Total compensation costs for civilian workers increased 1.0 percent from June to September 2006, seasonally adjusted, virtually unchanged from the 0.9 percent gain from March to June, the Bureau of Labor Statistics of the U.S. Department of Labor reported today... The Employment Cost Index (ECI), a component of the National Compensation Survey, measures quarterly changes in compensation costs, which include wages, salaries, and employer costs for employee benefits for civilian workers (nonfarm private industry and state and local government).The purpose of this survey is to look at how much more firms are paying their workers in wages and benefits.
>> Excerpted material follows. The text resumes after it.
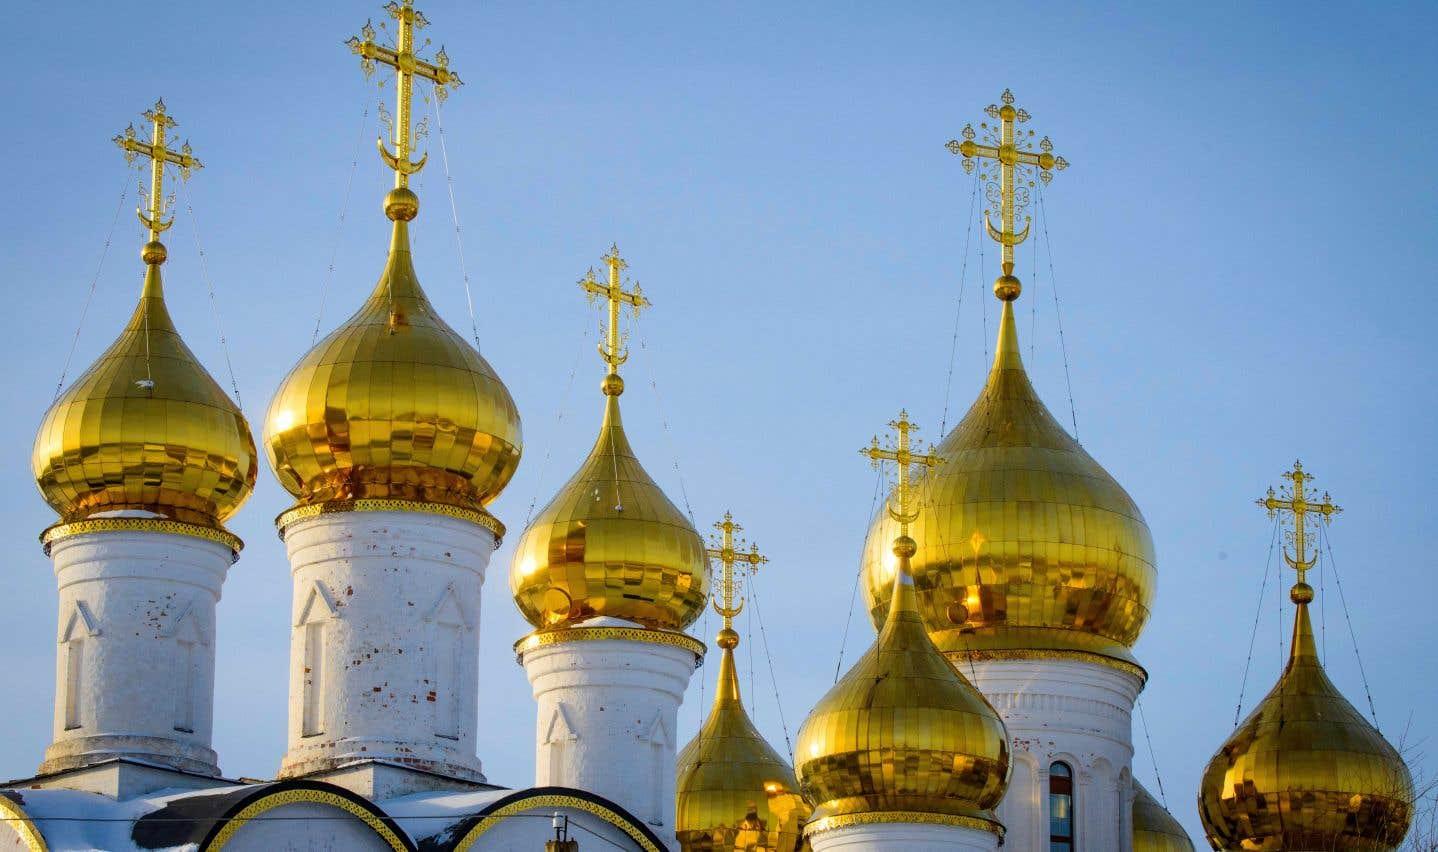 Une église orthodoxe à Pereslavl-Zalessky, en Russie

But naturally, the cost of labor to firms is the same thing as the compensation for labor earned by workers, so this data can be read in very different ways.
First, one might worry that it suggests inflationary pressures, as the cost of labor goes up.
But at the same time, this report signals that workers are earning more - which is good news for workers, after all.
Except for one problem: the figures cited above are all in nominal terms. Adjusting for inflation, the report provides yet more evidence of why most average Americans do not think that the economy is in great shape - the increases in compensation to workers are merely keeping up with inflation.
The chart below shows the series for wages/salaries and benefits for workers in the private sector. The wage/salary series was then deflated by the price index for personal consumption expenditures, and the benefits series was deflated by the price index for health insurance. (2006 figures were extrapolated from the first three quarters of the year.)

To be fair, benefits include things other than simply health insurance (namely employer retirement contributions), so this inflation-adjusted benefit series may overstate the degree to which inflation has eroded the value of those benefits. On the other hand, I'd be willing to bet that most of the nominal increase in the cost of providing benefits to workers is the result of rising health insurance premiums, not due to increasingly expensive retirement contributions... in which case the approximation presented above may not be too bad.
Regardless, this report certainly seems consistent the notion that average workers are not enjoying much of an increase in prosperity during this economic expansion.